Quem assistiu ao último debate do estado da nação, viu-se perdido no país maravilhoso de Costa e Brilhante Dias, um Portugal que não pára de convergir com a média da União Europeia, onde a descentralização vai avançar fervorosamente, que vai ter um crescimento fantástico este ano, em que as creches vão ser gratuitas e até um novo hospital vai nascer em Lisboa. Não fosse o fantástico crescimento deste ano apenas nos fazer recuperar os valores de 2019 e ninguém ter percebido quanto nos vai custar a parceria público privada que, curiosamente, envolve a tradicional construtora do regime, e este mundo de fantasia até nos podia convencer a visitá-lo.

A forma como António Costa decidiu destacar os Ministros do Ambiente e Cultura para intervir neste debate, em que Saúde, Administração Interna, Economia ou Finanças deveriam ser a prioridade, mostra bem a displicência com que o parlamento atual é tratado. A arrogância e soberba de quem consegue ser mais arrasador que Ventura e as suas cheerleaders, que perante as questões de 17 diferentes deputados consegue gastar apenas 1 minuto a simular uma resposta, que já não tem vergonha de passar a ideia de que não está minimamente interessado em prestar contas, conseguindo mesmo a fantástica proeza de nos pôr a achar que afinal Rui Rio tinha razão e o escrutínio que os debates quinzenais supostamente trariam é desnecessário.

O PSD, que deveria estar rejuvenescido com um novo líder, mostrou com a escolha de Miranda Sarmento para opositor de Costa que a letargia atual é para continuar. Alguém com craveira intelectual e percurso profissional relevante, mas sem experiência parlamentar, que tem a tradicional capacidade de um bom economista de fazer rapidamente adormecer quem o ouve, torna-se num alvo fácil para um político com mais de 20 anos de experiência governativa e discursiva, não tendo perfil para colocar pressão no governo e proporcionar um melhor escrutínio parlamentar.

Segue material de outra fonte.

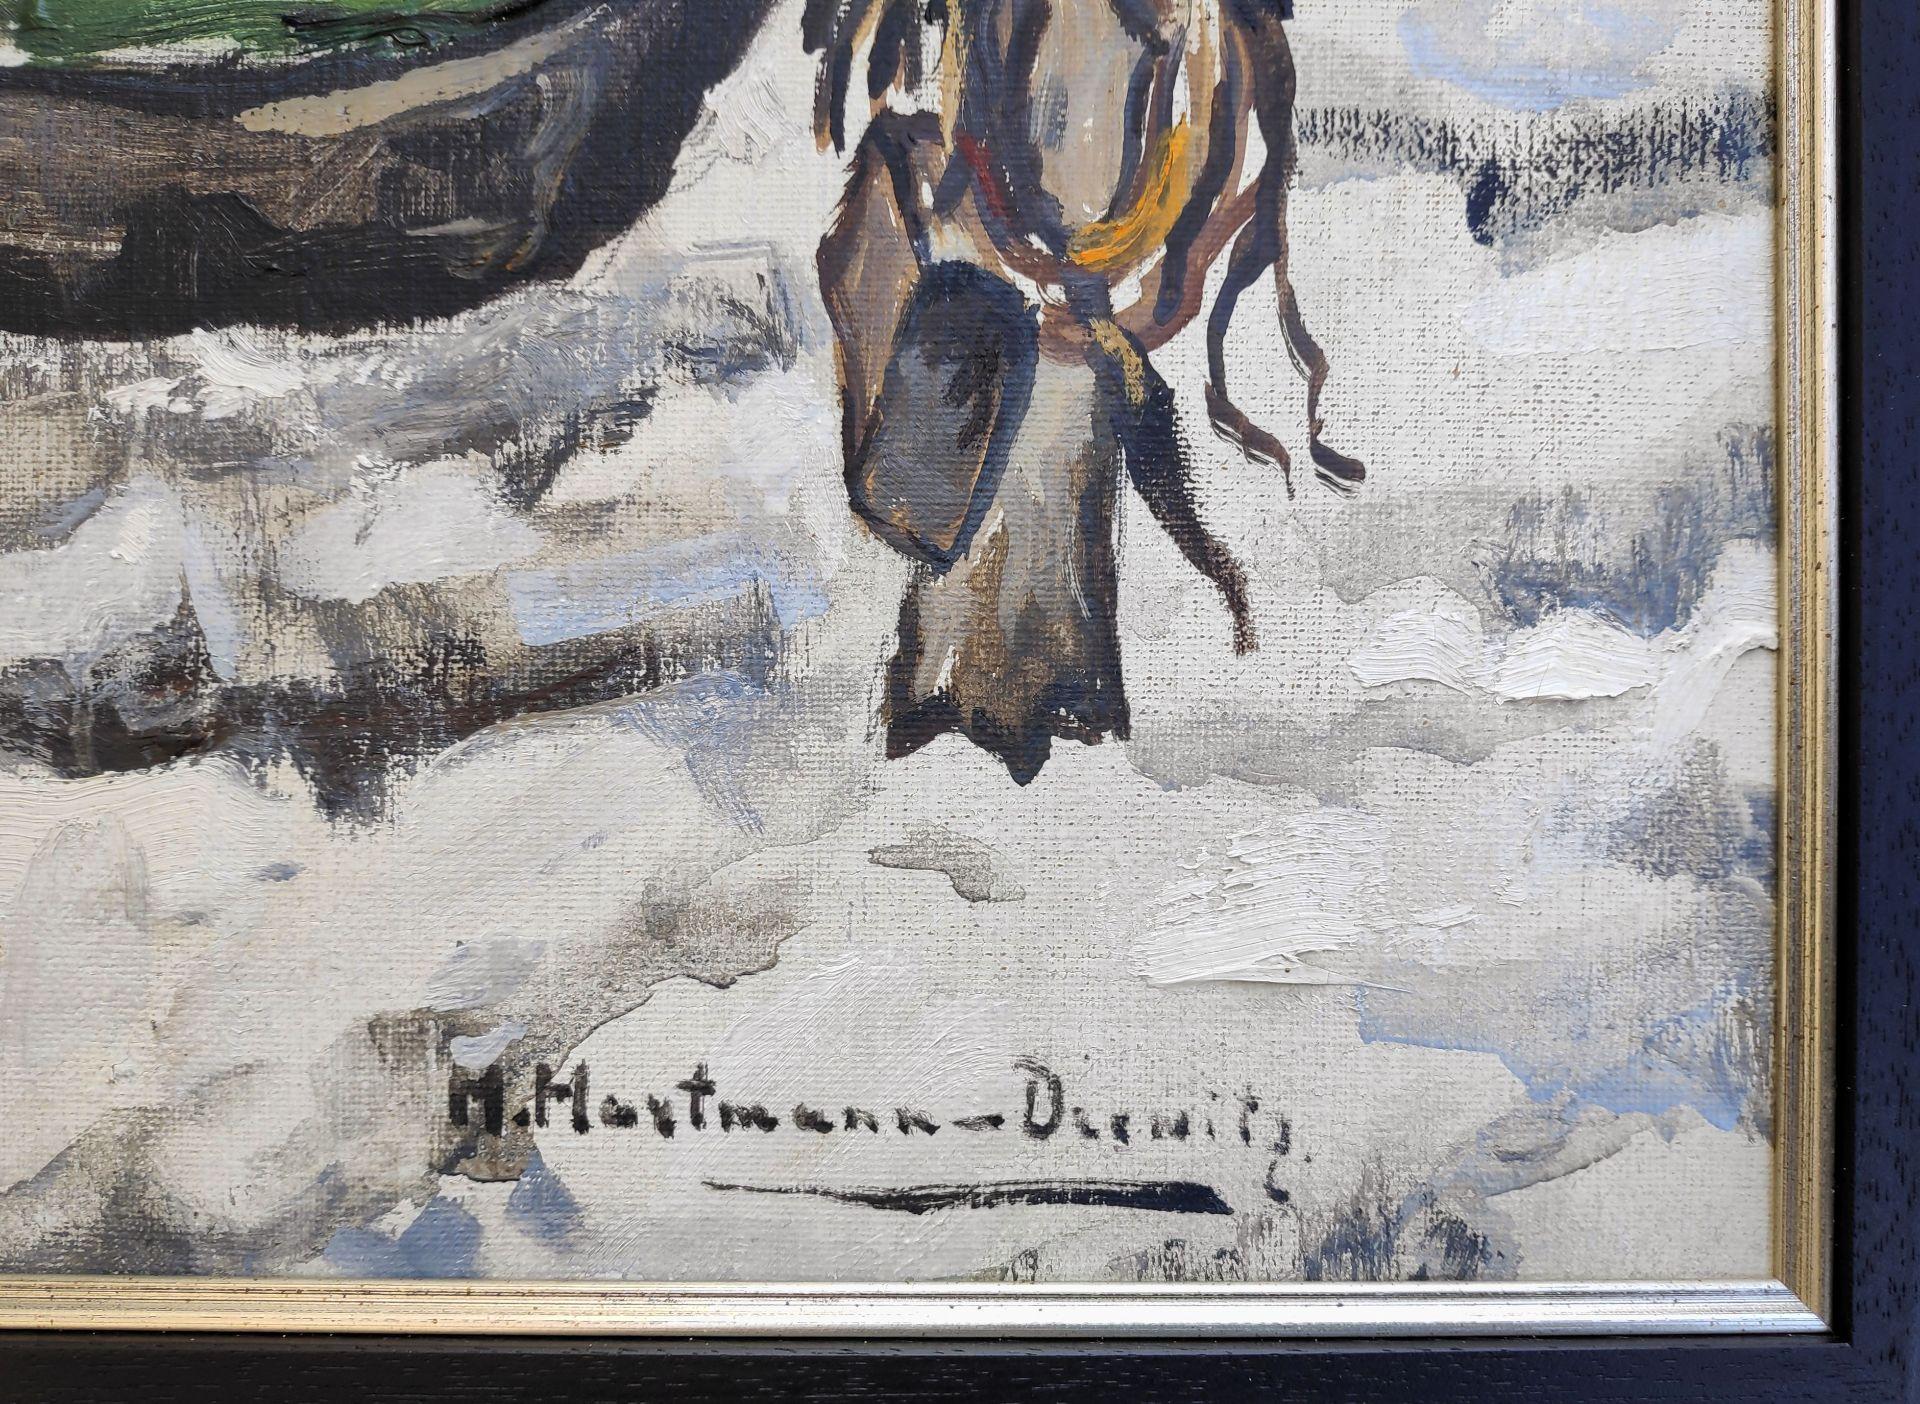 """Hartmann-Drewitz, Hermann (1879 Berlin - 1966 Eutin) """"Fischerboot im Schnee"""" - Bild 3 aus 3"""

Naturalmente, o novo líder parlamentar do partido que supostamente deveria liderar a oposição acabou atropelado, tendo que responder pelo seu passado como escritor e sendo mesmo colado a Passos Coelho e à Troika (o bicho papão que um antigo nº 2 de José Sócrates continua a ter a lata de atirar aos adversários políticos), acusações que Miranda Sarmento foi respondendo de voz embargada e trémula, demonstrando mais uma vez aos portugueses que este PSD é incapaz de confrontar eficazmente o PS e deixando a Cotrim Figueiredo a dura tarefa de aguentar sozinho as despesas da oposição não extremista.

No seguimento do debate, Duarte Cordeiro dissertou sobre a seca extrema que atravessamos, alterações climáticas e o quanto o PRR nos vai ajudar a mitigar os seus efeitos, culminando com a frase “está em curso a reforma da floresta”, que nem que seja por fruto dos próprios incêndios é uma profecia que tende a realizar-se. Na intervenção de maior qualidade do governo, com conteúdo, assertivo, num discurso vivo e contrastante com o ministro que o seguiu, acrescendo ainda estar a dirigir uma pasta ministerial a que não faltarão fundos, estamos perante um sério candidato a discutir com Pedro Nuno Santos a futura liderança do PS.

Para completar o guião desta tarde parlamentar deprimente, o Ministro da Cultura teve a oportunidade de finalizar o debate. Numa intervenção sem chama e a fazer relembrar alguns dos espetáculos que o seu ministério financia, cujo momento alto passou por relembrar que nesta legislatura comemoramos os 50 anos do 25 de Abril de 1974, como se para tal não fosse suficiente ver subir o antigo comissário destas festividades ao púlpito. Pedro Adão e Silva, que não se livra da imagem de só ter sido nomeado para a referida comissão como prémio pela sua atividade como comentador “isento”, proporcionou uma bela algazarra parlamentar e justificou bem o motivo da sua escolha como ministro, sempre que necessário será lançado para a arena, provocará o burburinho na bancada do Chega e garantirá que este espetáculo não termina. Que a “bola e alguns tolos” continuam a entreter o país.